4. Adjudication Method for the Test Set

• The ground truth was established by the cytotoxin and neutralization assay. This method itself is the gold standard, implying its results were taken as the definitive truth. The text states: "The status of all samples (whether positive or negative by ImmunoCard) was confirmed by cytotoxin and neutralization."
• For samples producing discordant results between ImmunoCard and the cytotoxin assay, some were re-tested (e.g., 3-103, 3-118, 3-241 were "converted to positive on repeat testing at 1:10 dilution" in the cytotoxin assay). However, it's not described as a formal adjudication by an independent panel.

5. Multi-Reader Multi-Case (MRMC) Comparative Effectiveness Study

• No MRMC comparative effectiveness study was done to assess how much human readers improve with AI vs. without AI assistance. This device is a rapid diagnostic assay, not an AI-assisted diagnostic tool interpreted by human readers.

6. Standalone (Algorithm Only Without Human-in-the-Loop) Performance

• This device is a standalone diagnostic kit (ImmunoCard® Toxins A & B), not an "algorithm." Its performance is evaluated directly in comparison to the gold standard (cytotoxin assay) and predicate devices. There is no human-in-the-loop component in the interpretation of the test device's result beyond visual assessment of color change. The test result (appearance of blue color in the test port) is directly interpreted.

7. Type of Ground Truth Used

• Expert Concensus / Gold Standard Laboratory Method: The primary ground truth used for performance evaluation was the cytotoxin and neutralization assay. This is considered the "standard method" for detecting C. difficile toxins.

8. Sample Size for the Training Set

• The document implies that the study was primarily for validation against a reference standard, not for training a machine learning algorithm. Therefore, there is no "training set" in the context of AI. The performance evaluation was done on a test set of 591 archival samples.

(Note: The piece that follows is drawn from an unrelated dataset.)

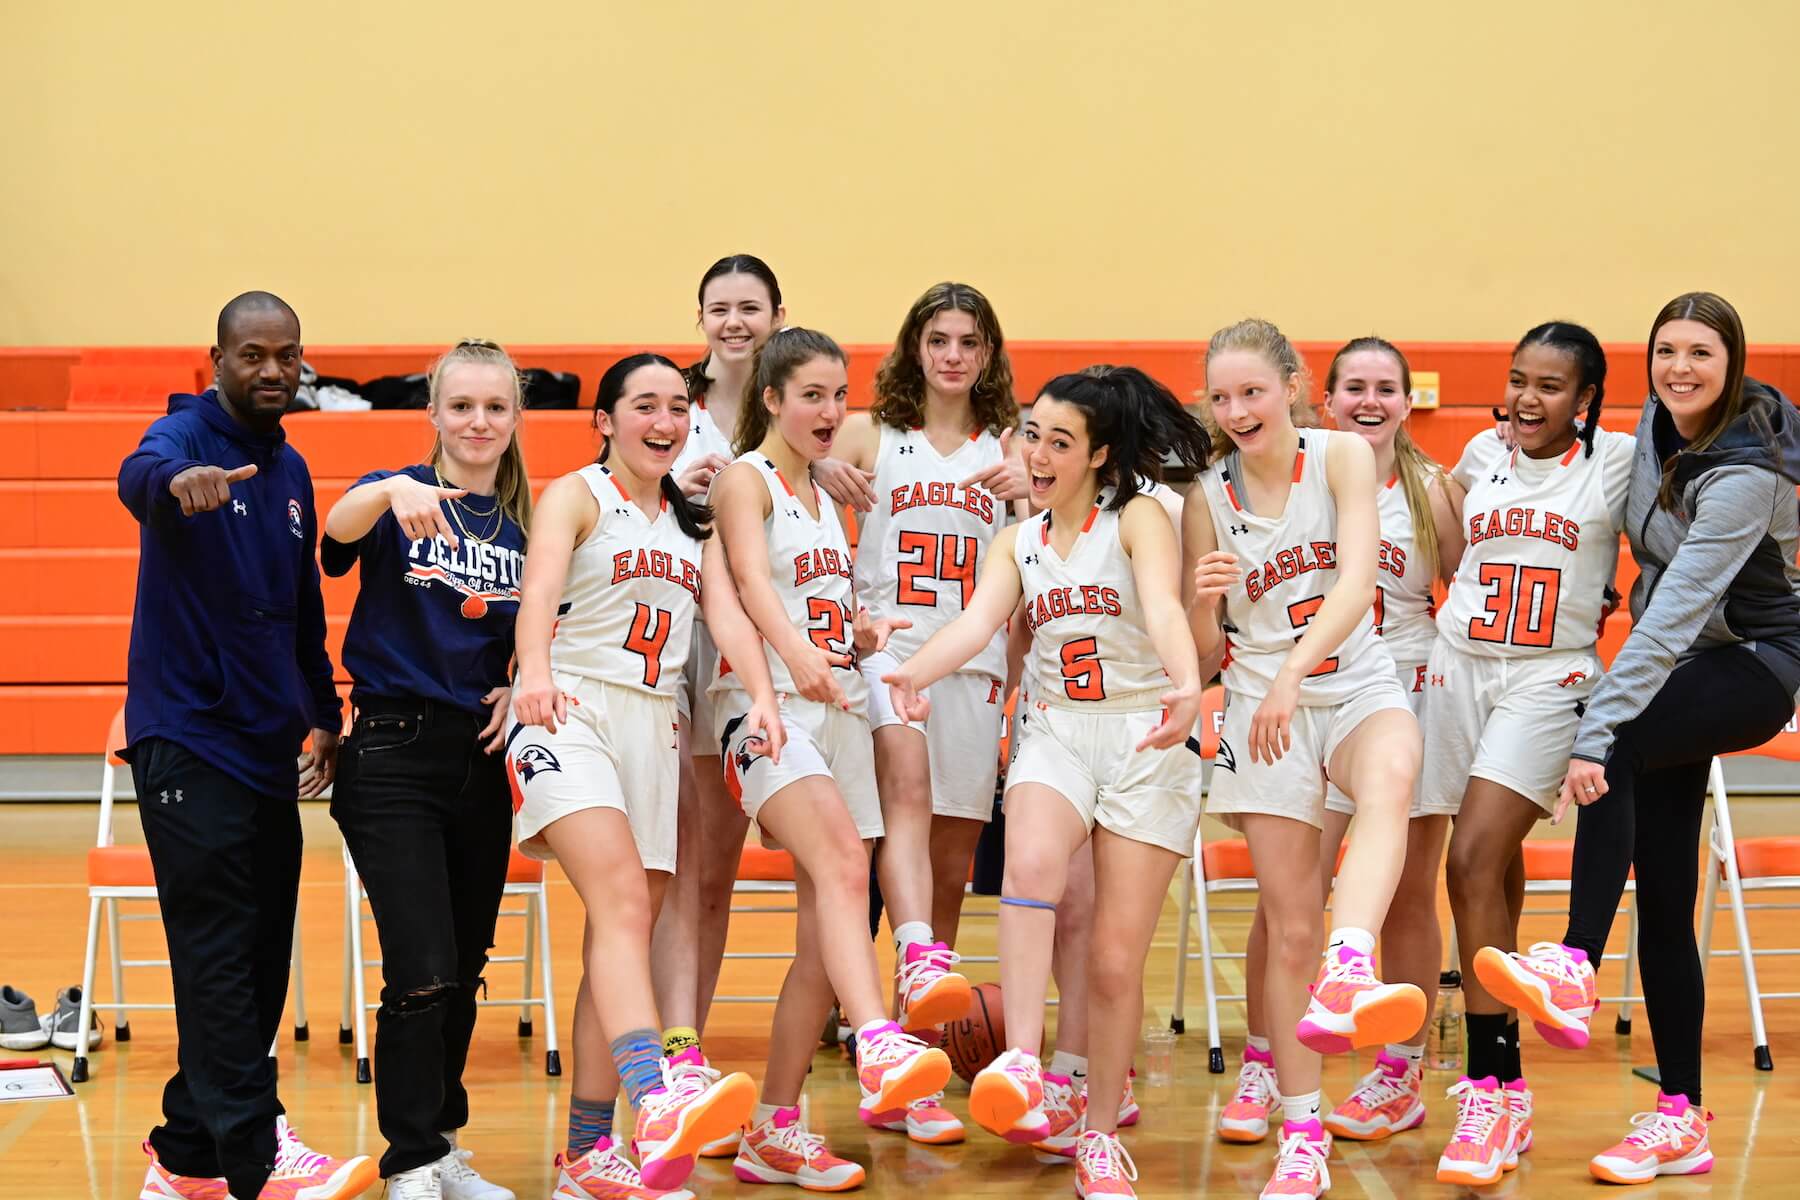 Ethical Culture Fieldston School Basket Ball Team gathers for a photo on the court

9. How the Ground Truth for the Training Set Was Established

• Not applicable, as there is no mention of a training set for an AI algorithm. The assay is a lateral flow immunoassay where the "ground truth" for its development would be based on biochemical binding and detection principles calibrated against known concentrations of toxins and validated with clinical samples against the gold standard (cytotoxin assay).